Written by QCMHA member, Avina Patel

This past year my sense of isolation has heightened. When I think of isolation, I think of loneliness, and solitude - two terms that are often looked at from one lens. They seem similar, but I recently learned how different they actually are and wanted to share what I learned with you.

Described as a deficiency state, loneliness is negative - it is harsh, uncomfortable and draining. Have you ever felt lonely in a crowded room? Solitude on the other hand, is a positive state - something you choose. It allows us to be alone without being lonely. So how can we find, enjoy, and use solitude to our advantage?

Think of solitude as an opportunity replenish and engage with yourself.

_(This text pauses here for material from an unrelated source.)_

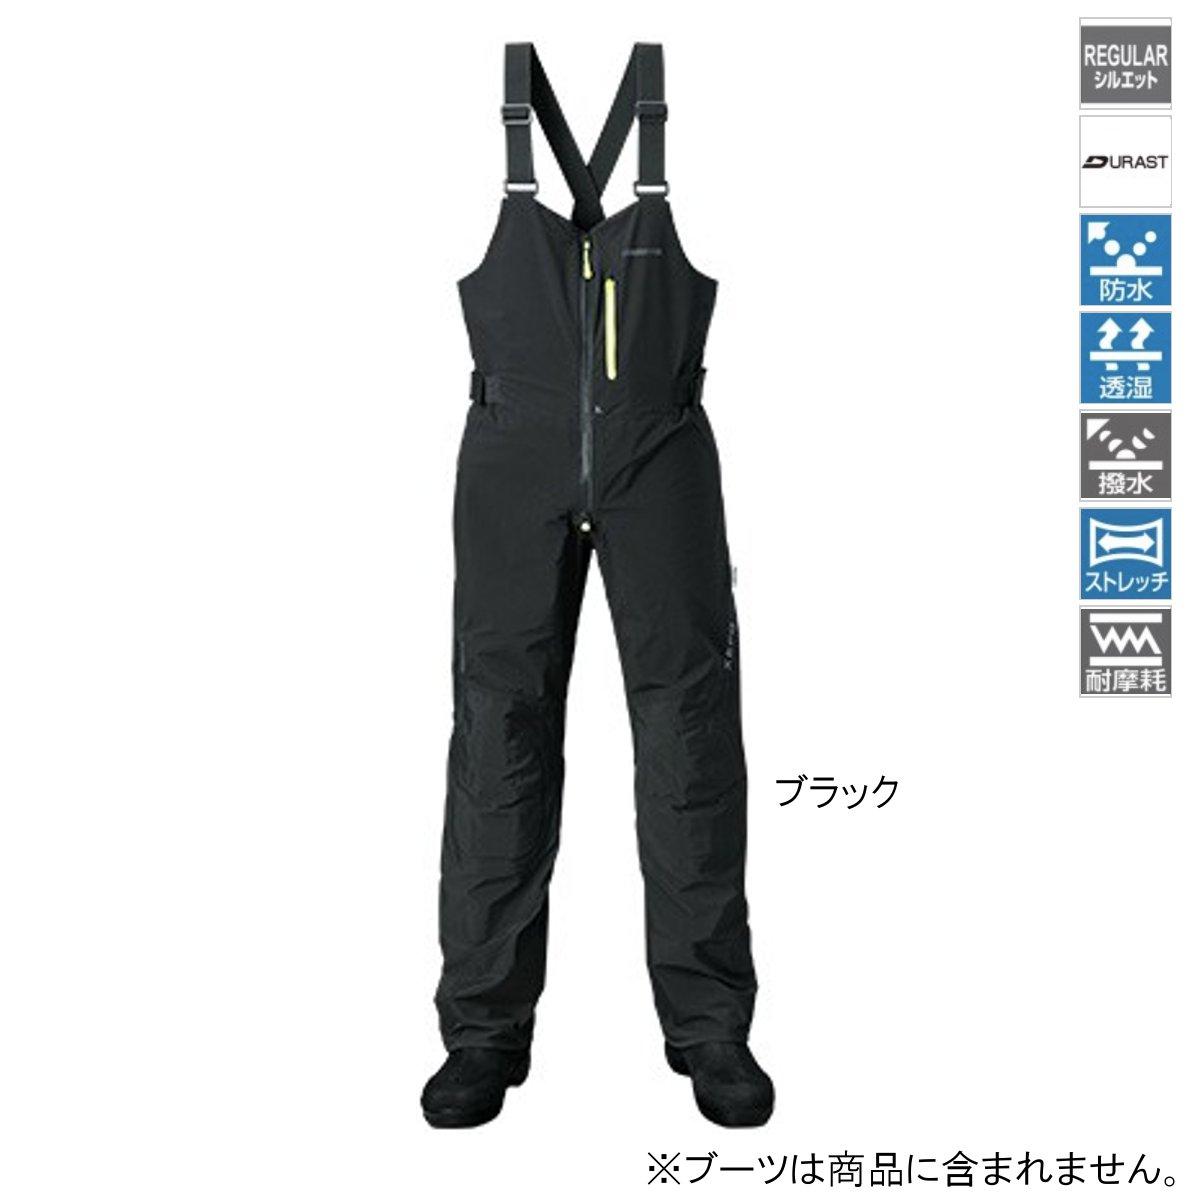 シマノ XEFO・DURASTレインビブ RA-26PS M ブラック【送料無料】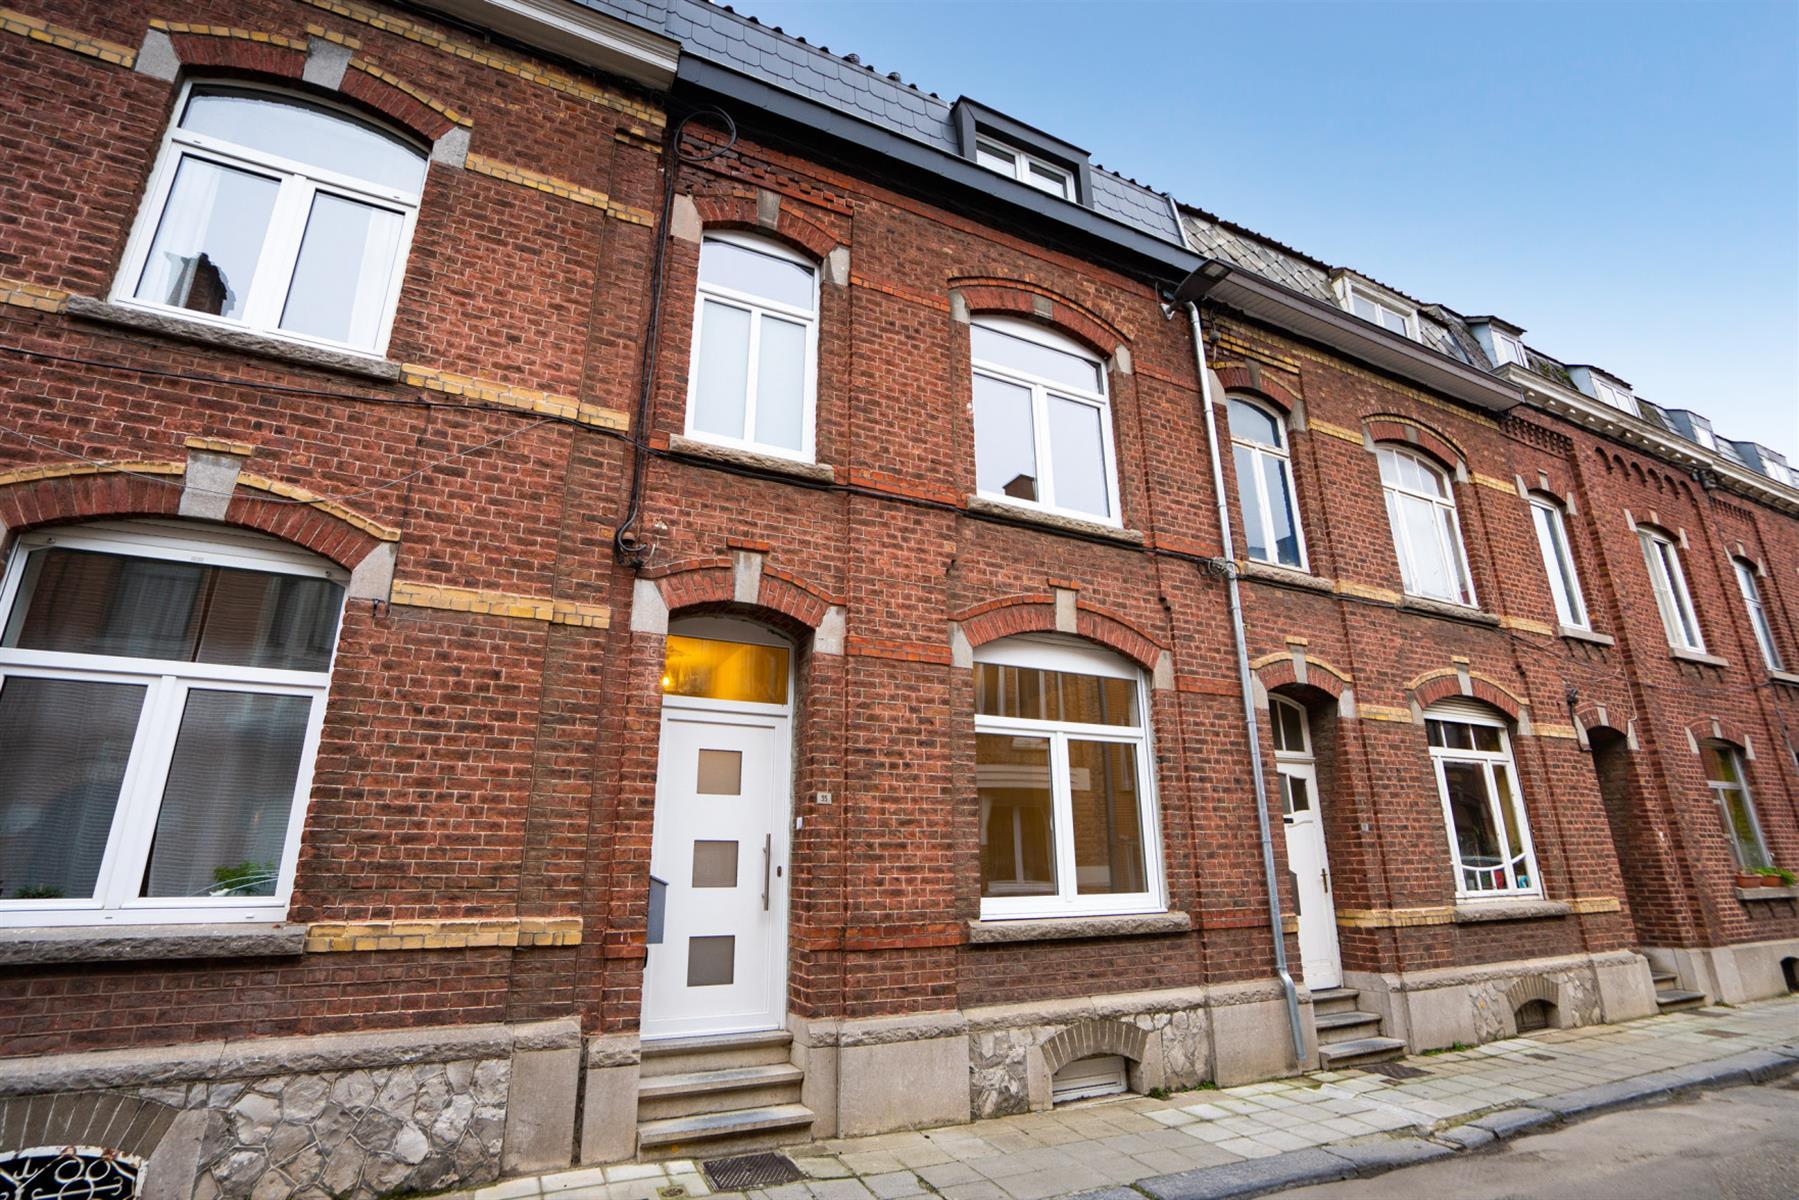 Maison - Namur Saint-Servais - #4251701-1

Spending time alone can often me looked down upon - its a tough sell. The truth this, we all need periods of solitude, and it’s something we create. Think of it as a refresher - a chance to reopen yourself to challenges. Something interesting that I came to realize, is that solitude gives us the chance to regain perspective.

Reading, spending time in nature, writing, meditating, walking, and eating by yourself are a few examples of things you can do alone. It seems very simple, and it is, but solitude increases our creativity, productivity, and improves psychological well-being. “If you think you don’t have the time to sit quietly and think, you probably need alone time more than ever.”

Take a break from the busy schedule and practice solitude. Think about it, the more you get to know yourself, the more equipped you are to be authentic and you, when others are around.